The phase shift will be 45 degrees from the low frequency phase (and it's a negative gain circuit so near DC the phase shift is...?).

At DC the phase shift is 0 deg 0dB? and w_c -45 deg -180 deg at about -40dB?

 

[gneill]

At DC the phase shift is 0 deg 0dB? and w_c -45 deg -180 deg at about -40dB?

At DC the circuit looks like a standard inverting amplifier. It has a gain set by the resistors R1 and R2:

$\frac{V_{out}}{V_{in}} = - \frac{R_2}{R_1}$

Note carefully the negative sign!

 

[topcat123]

Circuit 2 also a low frequency pass (integrator)
the gain is\frac{V_{out}}{V_{in}}=\frac{-Z}{R_1}
z=\frac{X_CR_2}{X_C+R_2}~~as~~X_C=\frac{1}{j{\omega}C}
Z=\frac{\frac{1}{j{\omega}C}{R_2}} {\frac{1}{j{\omega}C}+{R_2}}
multiplying throgh by jwC.
Z=\frac{R_2}{1+j{\omega}CR_2}
the gain is\frac{V_{out}}{V_{in}}=\frac{-Z}{R_1}=\frac{1}{R_1}*-R_2*\frac{1}{1+j{\omega}CR_2}=\frac{-R_2}{R_1}\frac{1}{1+j{\omega}CR_2}
and as G=\frac{R_2}{R_1}
then \frac{-G}{1+j{\omega}CR_2}
This gives the same first order TF as the circuit before I believe it wil has the same BODE plot too?

As there are no values give how can I sketch a BODE plot for the Gain

VoutVin=−R2R1

 

[gneill]

For the second circuit, I'd find the expression for the DC gain first. The feedback path is divided (R2 and R3), so the gain won't be so simple as a ratio of R2/R1.

A sketch of a bode plot doesn't need to have accurate values. Just label significant features (like the corner frequency) with the appropriate expression from your derivations. That said you can always pick some typical part values and use the result to find the general shape as a basis for your sketch.

 

[topcat123]

For the second circuit, I'd find the expression for the DC gain first. The feedback path is divided (R2 and R3), so the gain won't be so simple as a ratio of R2/R1.

There is no R3 in the second circuit?
I may be getting mixed up somewhere.

Is the TF for the first circuit ok?
Where have I gone wrong with the second?

thanks for all your help
gneill

 

[gneill]

Your second image:

Definitely an R3 in there!

Your first circuit TF work looks okay.

 

[topcat123]

I see the confusion.
fig.1(a) and fig.1(b) the above fig is what i am referring to as the first circuit (fig.1(a)) and the second (fig.1(b))
I should have used the correct idents from the beginning sorry.
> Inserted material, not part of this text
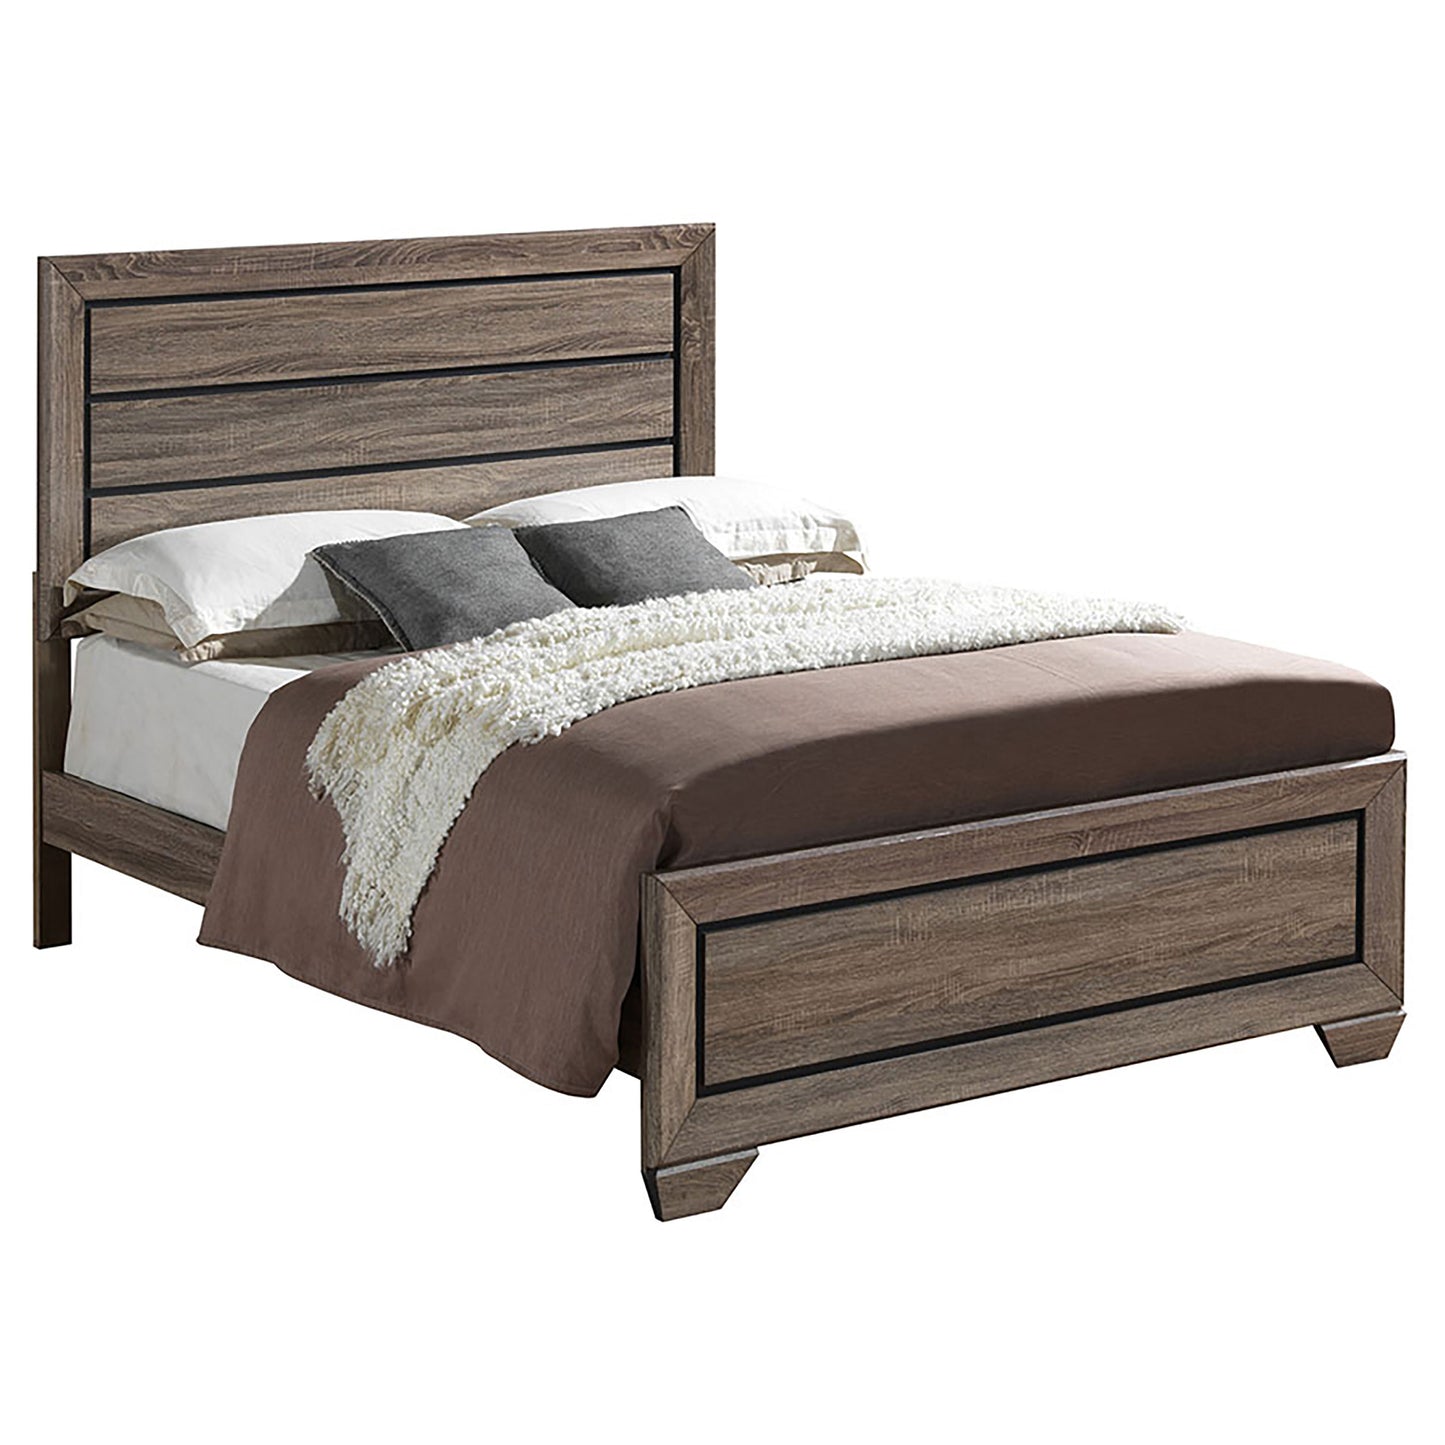 Kauffman 5-piece Queen Bedroom Set Washed Taupe

So in the DC gain for fig.1(a) should be G=\frac{R_2}{R_3}

I am not sure how to implement the gain function, I think it is just a case of multiplying by

G=R2R1​

This is wrong mabe a typo in post " #1"

and the DC gain for fig.1(b) isG=\frac{R_2}{R_1}

 

[gneill]

I see the confusion.
fig.1(a) and fig.1(b) the above fig is what i am referring to as the first circuit (fig.1(a)) and the second (fig.1(b))
I should have used the correct idents from the beginning sorry.

Ah. Well that's a horse of a different color then

So in the DC gain for fig.1(a) should be G=\frac{R_2}{R_3}

You want to check that. Have you analyzed the circuit? Note that since no current can flow into the op-amp inputs, the junction of the R2~R3 divider must be equal to Vin (essentially no input current so no potential drop across R1).

and the DC gain for fig.1(b) isG=\frac{R_2}{R_1}

The gain should be negative for fig.1(b).